コンテナとは仮想化技術の一種。クラウド環境などで広く使われている。従来の仮想化から順に追っていくとコンテナを理解しやすい。仮想化とは、ハードウエアをソフトウエアによって再現する技術だ。コンピューターの機能をソフトウエアとして実現する。このソフトウエアは仮想マシンや仮想機械などと呼ばれる。

 仮想マシンは仮想化されたコンピューターであり、アプリケーションだけではなくOSやミドルウエアといった実行環境も含まれる。仮想マシンに導入するOSはゲストOSと呼ばれる。

 仮想マシンはソフトウエアなので、1台のハードウエアで複数のゲストOSを動作させられる。
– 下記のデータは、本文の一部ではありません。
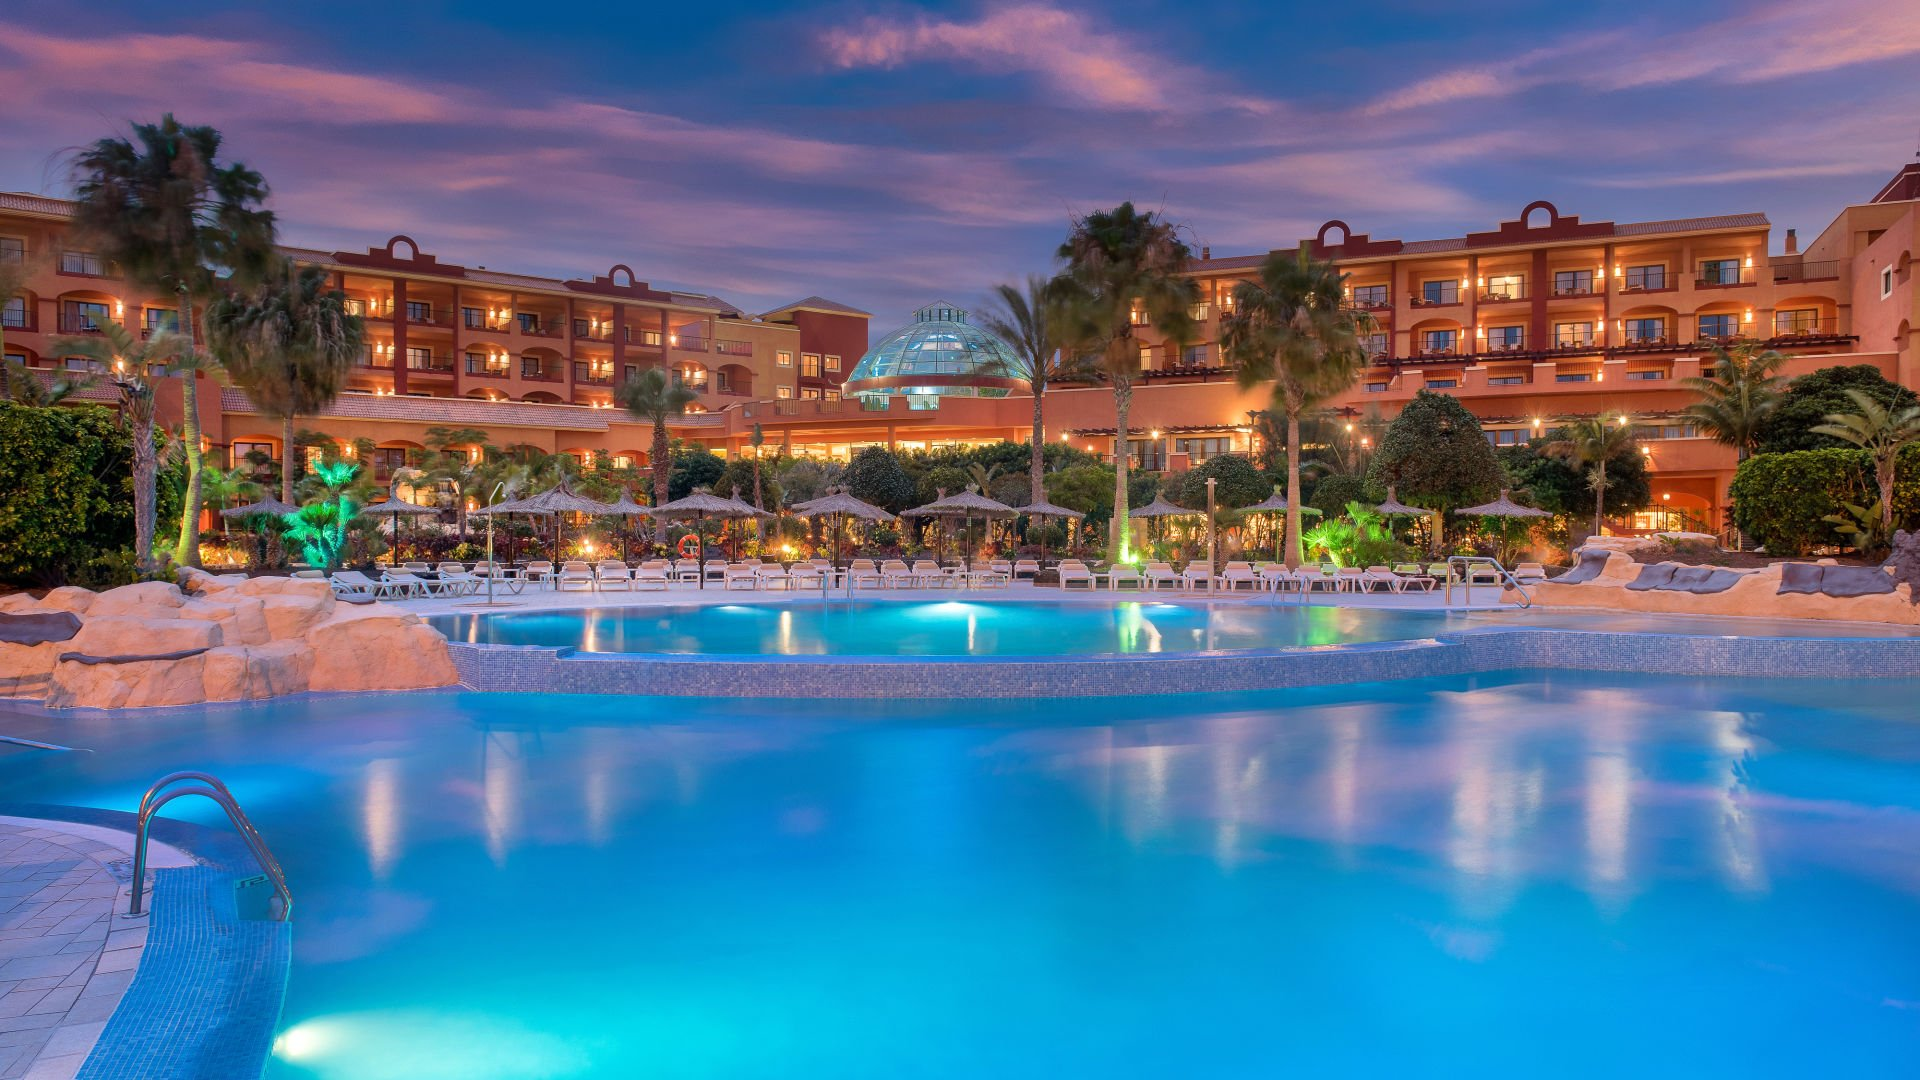 The Sheraton Fuerteventura, a vegan-friendly hotel.

1台のコンピューターで複数のコンピューターを同時に動かすイメージだ。ハードウエアを効率的に利用でき、運用や管理のコスト削減も期待できる。

 異なるOSを搭載した仮想マシンを動かせることも特徴だ。例えばWindows上でLinux環境の仮想マシンを動かすといったことが可能だ。
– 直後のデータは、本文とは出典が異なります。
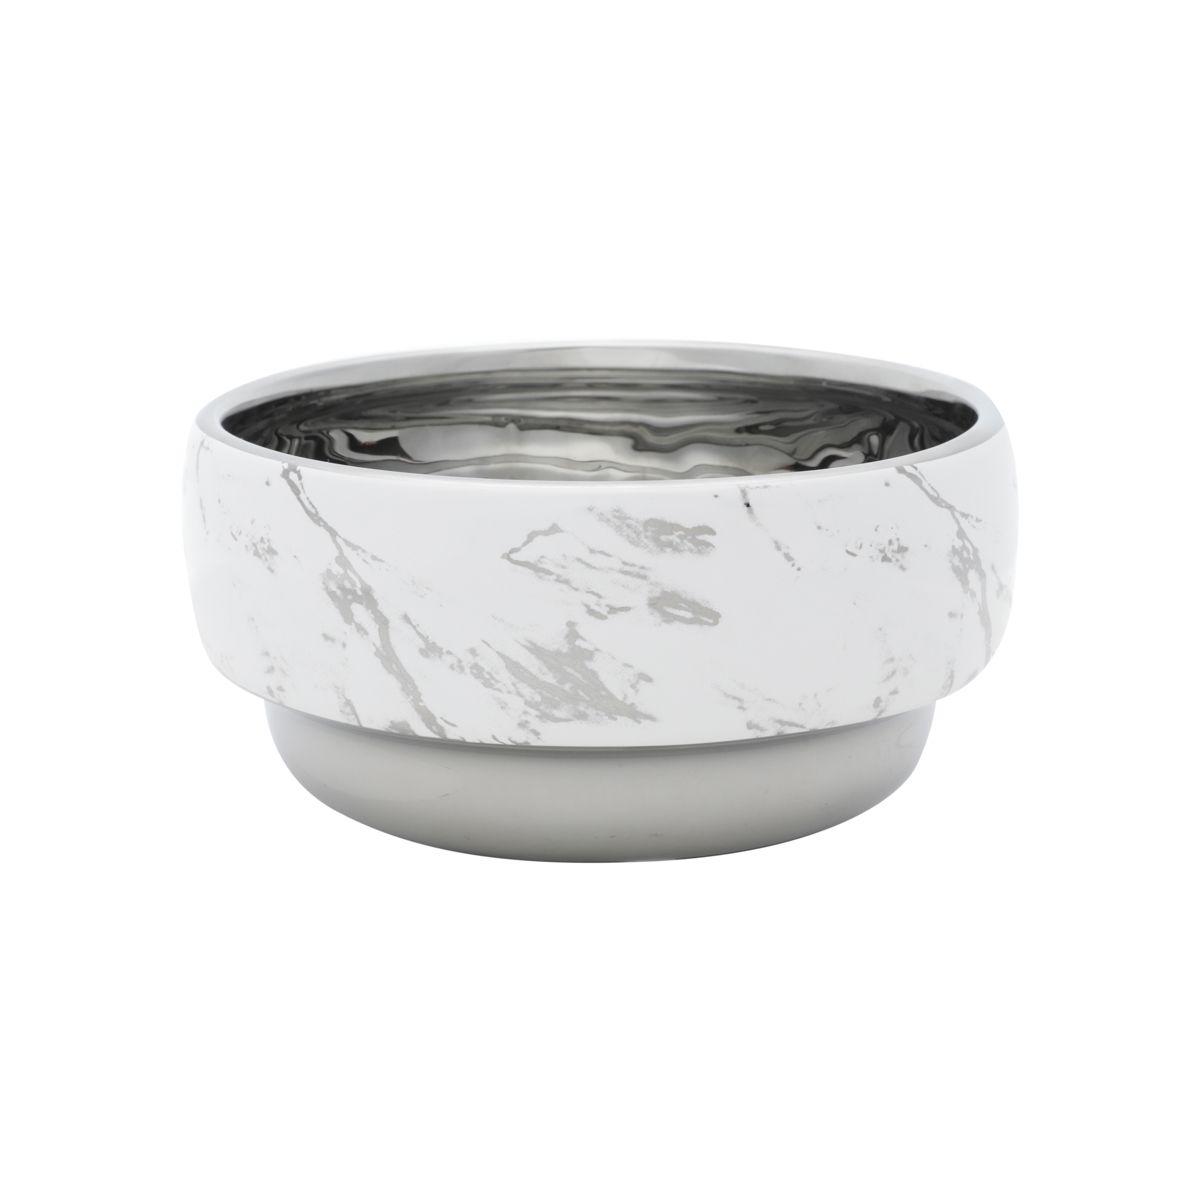 Centro De Mesa Cerâmica Branco 15x8cm

 仮想マシンは仮想化ソフトと呼ばれるソフトウエア上で動かす。米ブイエムウェアの「vSphere ESXi」や米マイクロソフトの「Hyper-V」が代表的である。

ゲストOSを使わない

 だが仮想マシンを使う仮想化では、ゲストOSをそれぞれにインストールしなければならない。ゲストOSを動かすためのハードウエアリソース(メモリーやCPUといったコンピューター資源)が必要となり、ゲストOSの起動に時間もかかる。仮想マシンを作成するのも「部品」が多いために手間がかかるという欠点がある(PICT1)。

PICT1●アプリケーションの実行に必要な部品を1つにまとめられる
(イラスト:なかがわ みさこ)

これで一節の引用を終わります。